Scientific classification
- Kingdom: Plantae
- Clade: Tracheophytes
- Clade: Angiosperms
- Clade: Monocots
- Clade: Commelinids
- Order: Poales
- Family: Poaceae
- Subfamily: Pooideae
- Genus: Amphibromus
- Species: A. fluitans
- Binomial name: Amphibromus fluitans Kirk

= Amphibromus fluitans =

- Genus: Amphibromus
- Species: fluitans
- Authority: Kirk
- Conservation status: D

Species of plant

Amphibromus fluitans, water brome (New Zealand), river swamp wallaby-grass, or floating swamp wallaby-grass (Australian) is a species of true grass in the tribe Poeae.

==Description==
Amphibromus fluitans is a perennial, stoloniferous, semi-aquatic grass that forms large grey-green mats. Spikelets are 15-25mm long, with 3-6 laterally arranged florets, tipped with awns on the lemmas, between 7-18mm long.

It is very difficult to identify without fertile parts. Thus, it can be confused with other aquatic grasses like Agrostis stolonifera, Alopecurus geniculatus, or Glyceria.

==Distribution==
Amphibromus fluitans is indigenous to New Zealand and Australia.

In New Zealand, it is found in the North Island from Ninety Mile Beach and Karikari Peninsula in Northland to Paekākāriki and Lake Wairarapa in Wellington. In the South Island, it has been found at three locations: Maher's Swamp near Punakaiki (1991), Lake Tekapo (1935), and Lake Heron (2006).

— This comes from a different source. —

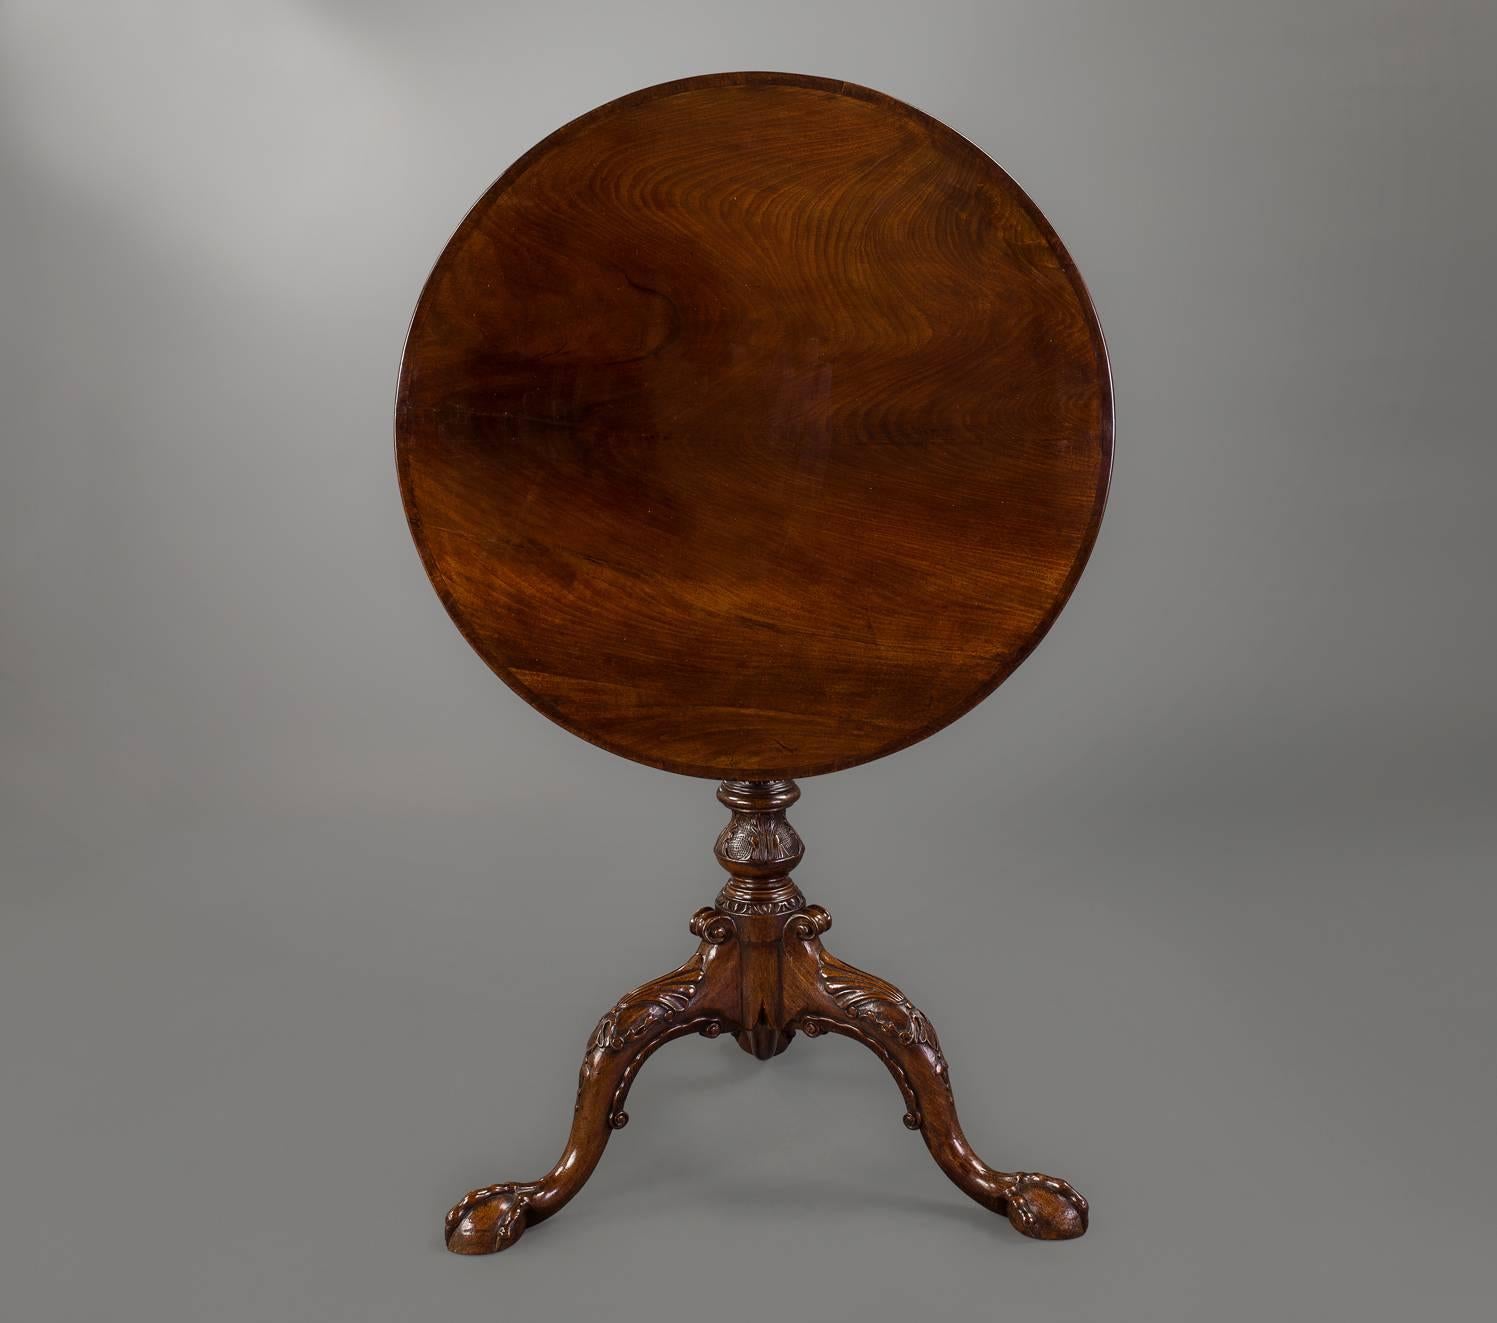 A fine Chippendale period tripod tea table this table makes the transition to the more delicate style of the third quarter of the 18th century.
This mid-18th century table has a delicate single- piece cross-banded top that is in distinct contrast

In Australia, it is found in New South Wales, Victoria, and Tasmania.

==Habitat==
Amphibromus fluitans is found in seasonally dry wetland or on edges of shallow lakes and lagoons from lowlands to montane.

==Life cycle==
Amphibromus fluitans is dependent on changes in water depth in seasonal wetlands. It tends to germinate from long-lived seedbanks and flower only when water levels are low. As such, it can be apparently absent from suitable habitat for many years before reappearing.

==Threats==
In New Zealand, Amphibromus fluitans is listed as At Risk - Declining. In the South Island, surveys in 1992 and 1998 have failed to find the species at Maher's Swamp, and it has not been found at Lake Tekapo since the original collection. In the North Island, sizeable populations are only known from Waihora Lagoon, west of Lake Taupō, Arohaki Lagoon, Whirinaki, and Lake Wairarapa. The species was formerly known from the Waikato, Taranaki, and Auckland, but has not been found in these areas recently.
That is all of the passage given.